Jeffrey Lee Message #97108, posted by Phlamethrower at 20:21, 13/1/2007, in reply to message #97052
PhlamethrowerHot Hot Hot Hot Hot Hot Hot Hot Hot Hot Hot Hot Hot stuff

Posts: 15100
I've been doing some profiling!

There are three main functions eating up most of the CPU time:
* The horizontal tile plotter
* The vertical tile plotter
* The R/B colour swap function

The colour swapping function only affects the users 'lucky' enough to have the new GeForce cards. Currently it eats 40% of the CPU time. However a quick test suggests that this can be sped up by a factor of 4, by writing the colourswapped image over the original and then using DMA to copy the data across. Assuming the DMA doesn't cause the CPU to stall too much on other memory accesses, of course.

The other two - the tile plotters - take roughly the same amount of time if colour swapping is disabled (around 33% each). But the horizontal plotter is called on average 5 times more often than the vertical one - meaning that the vertical plotter is 5 times slower! The only real difference between the two is how they access the screen memory. The horizontal one draws horizontal lines, while the vertical one draws vertical lines.
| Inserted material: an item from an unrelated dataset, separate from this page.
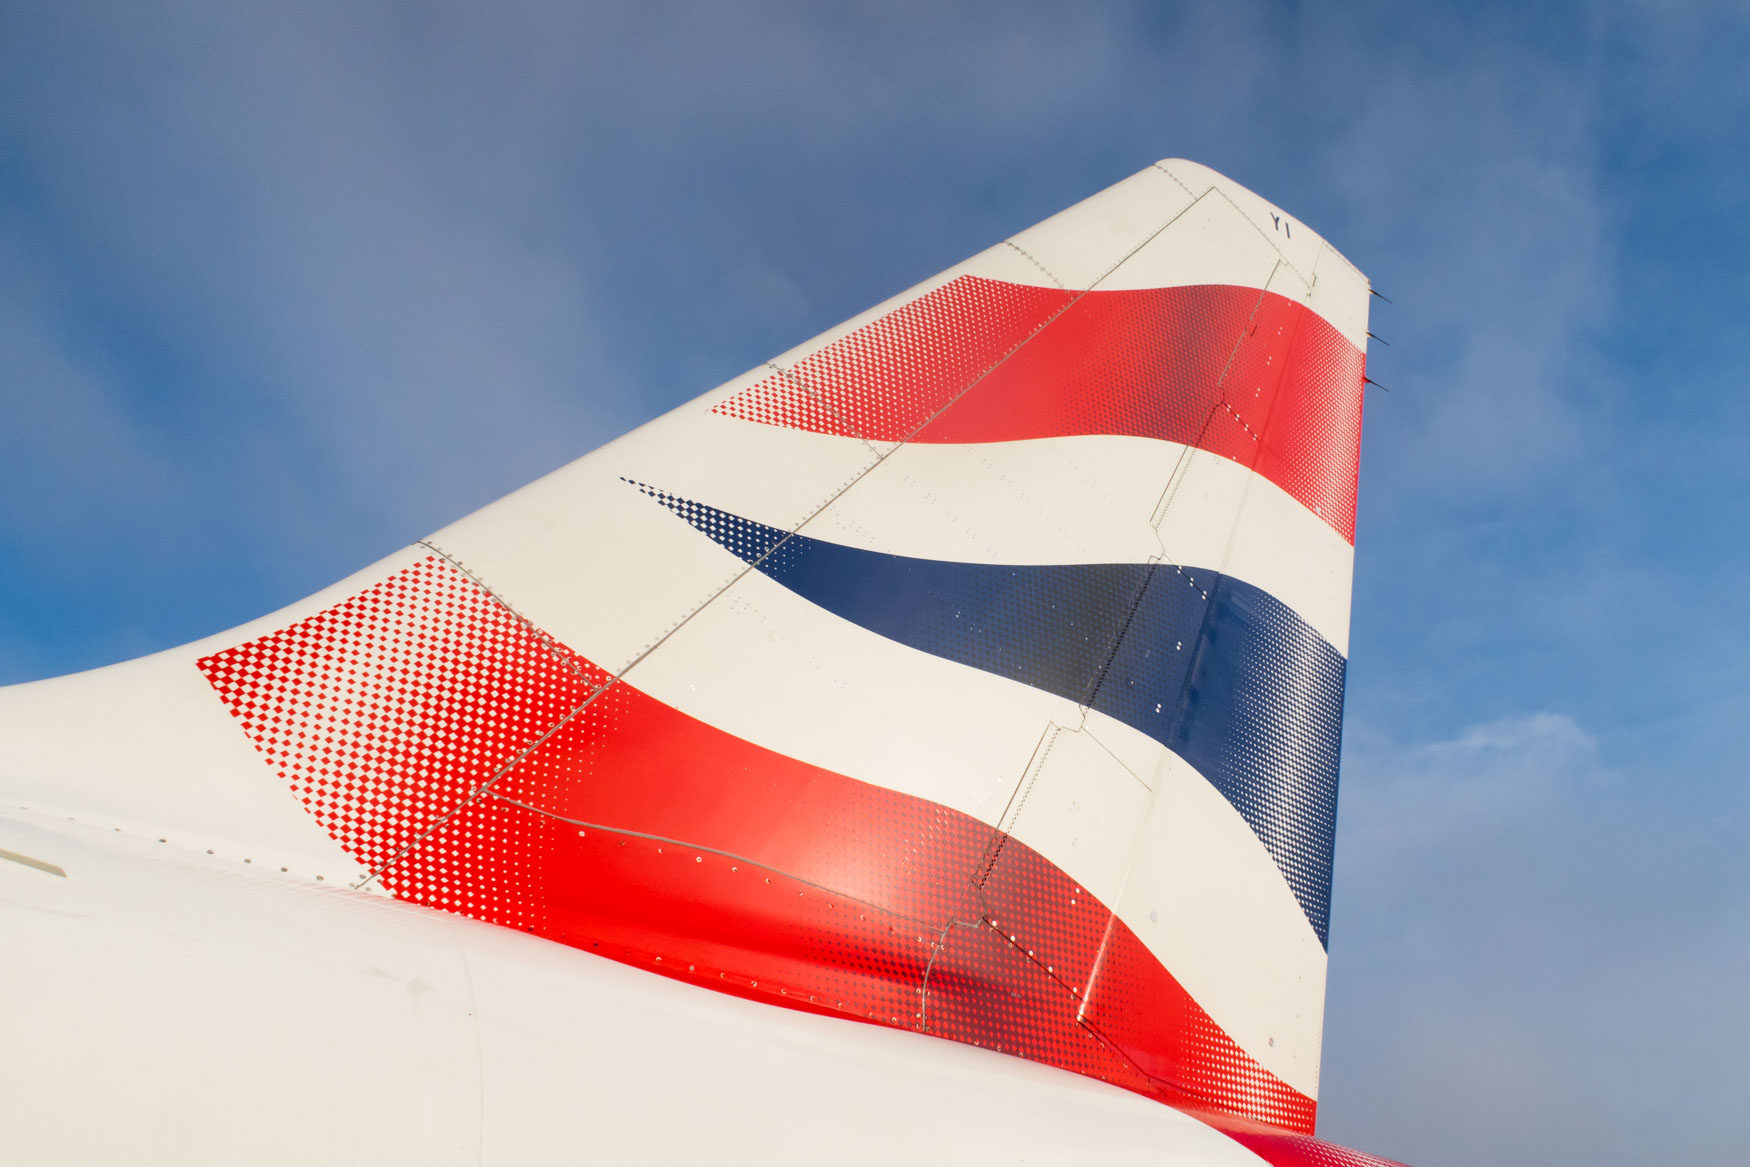 British Airways Airbus A320 Tail

The vertical one obviously makes something very upset :(

If the vertical one suddenly became 5 times faster (thus matching the speed of the horizontal one), this would make the game run around 33% faster :)

The only question is *how* to make it 5 times faster, without breaking too much other code.

Answers on a postcard!

Also, it may be possible to use DMA to speed up rendering when *not* using colourswapping. The horizontal plotter seems to be about twice as fast when writing to main RAM instead of PCI RAM.

Of course, using DMA introduces other problems. In particular the IntelDMA module doesn't seem to provide any feedback as to when a transfer completes. *pokes Adrian to add said feature to his magical DMA module*

(gah, stupid NetSurf eating %'s)

[Edited by Phlamethrower at 20:26, 13/1/2007]
  ^[ Log in to reply ]
 
Jeffrey Lee Message #97119, posted by Phlamethrower at 21:48, 13/1/2007, in reply to message #97108
PhlamethrowerHot Hot Hot Hot Hot Hot Hot Hot Hot Hot Hot Hot Hot stuff

Posts: 15100
DMA support is in, and was remarkably easy to add :) (via IntelDMA)

The colour swapping code does run 4 times faster, but this is offset by the DMA code taking about 60% of the time the colour swapping code does - so in effect it's only been sped up by 2.4 times. This results in a net 33% speed gain for the whole game.

As suspected, DMA has also had also had a positive effect when not using colour swapping - resulting in around a 13% speed improvement.

Note that none of these measurements are guaranteed, since I wasn't doing exactly the same thing for each test ;)

[edit]

Done a few more tests, this time from the same point in the map (and with the profiling code disabled, so it doesn't distort the results). This was at 480x352, with VSync disabled:

R/B swap  Use main RAM  Use DMA  FPS
Yes Yes Yes 33
Yes Yes No 25
Yes No - 9
No Yes Yes 41
No Yes No 25
No No - 30


From roughly the same spot, my RiscPC gets only 17fps (Without using main RAM or colour swapping)

[edit #2]

It looks like DMA isn't always a good thing on the Iyonix. At 640x480, it runs slower with DMA enabled than with plotting straight to PCI RAM. Tricky!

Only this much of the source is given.